How to: engage diverse communities and deliver inclusive climate action

Climate action brings big benefits to communities – such as better health and wellbeing, and the chance to learn new skills and connect with neighbours. 

It’s vital that these benefits, which include warmer homes and access to nature, reach those facing poverty or social exclusion. 

Trusted, knowledgeable community organisations are well-placed to deliver inclusive climate projects where they are needed most. 

1. Listen up (and stay local) to win trust

  • First, ask the community if your plans are what they really want. Make meaningful changes based on what you hear.
  • When meeting people face to face, make use of buildings and spaces that are accessible to and trusted by local groups – such as community halls or vacant units in shopping centres. 

  • However you’re meeting, be consistent in the place and time you get together.


2. Break down barriers to participation

  • Consider paying for the time of your participants or volunteers – or provide resources such as childcare vouchers and free meals. Learn from the Co-production Collective’s payment policy that sets out why and how communities should be paid for their involvement in projects.

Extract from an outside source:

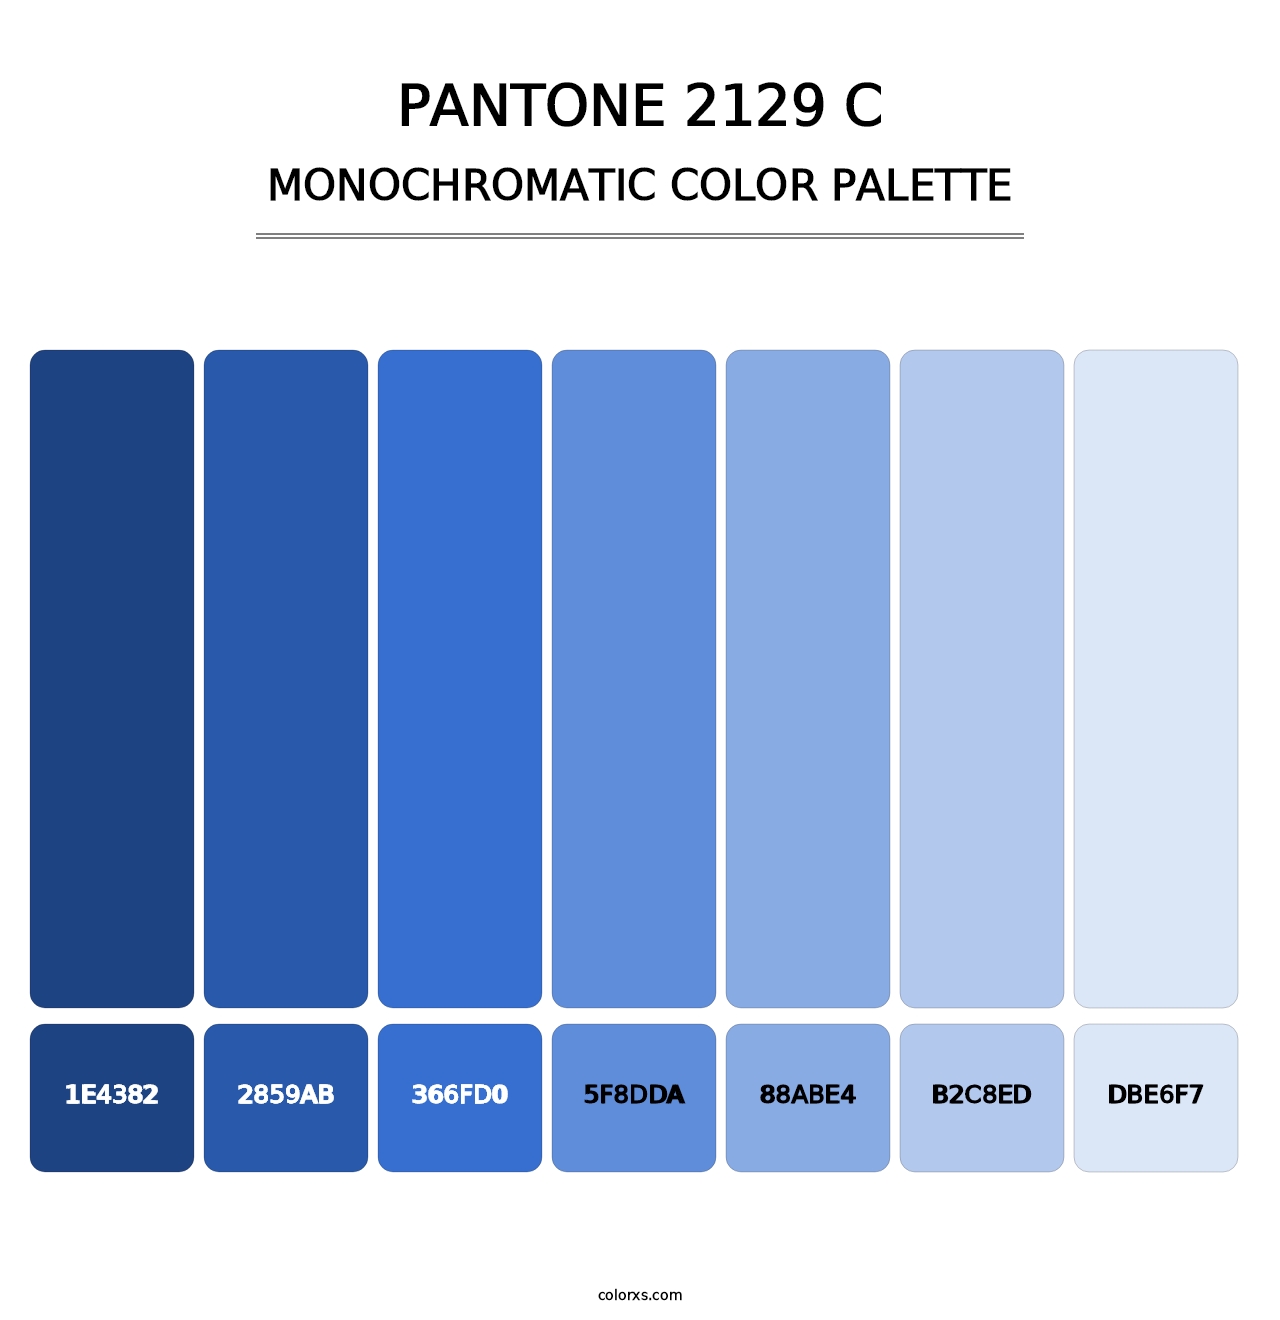 PANTONE 2129 C - Monochromatic Color Palette

3. Communicate the wider benefits of climate action

  • Climate action brings immediate benefits beyond lowering emissions. Focus on these as you work with communities – understanding which outcomes appeal most to the people you’re working with.
  • Examples include financial savings and better health from making homes energy efficient. Nurturing green spaces also boost mental and physical health. And climate projects often create opportunities to build skills and experience through volunteering. You can listen to Ashden’s Cara Jenkinson on the importance of climate action co-benefits here. 

4. Use the right language

  • Phrases such as ‘climate crisis’ will connect with some people, but leave others cold. Framing your messages around positive outcomes – such as saving money, keeping healthy or protecting nature – may work better. Understand what motivates the people you’re working with, and choose your words accordingly. Read Climate Outreach’s Britain Talks Climate report for a useful guide on engaging different groups around climate change. 


  • Translate materials, and work with interpreters, to make sure people with little or no English can get involved. Ideally, pay bilingual community members to translate for others. 

5. Work with partners to draw on your community's skills and knowledge

  • Where possible, work with other organisations on the funding, planning and delivery of your project. This might include partnering with faith networks – like Footsteps – or your local authority (see this guide on how to do that).  
  • Draw on the skills and knowledge of your community (making sure you compensate people for their time and effort)

6. Three essential tools to help you deliver inclusive climate action

  1. This simple guide to needs assessment surveys will help you find out what your community wants. 
  2. Ashden’s Climate Action Co-benefits toolkit shows how inspiring projects can create these positive outcomes.
  3. Our top tips for securing funding will help make your plans a reality.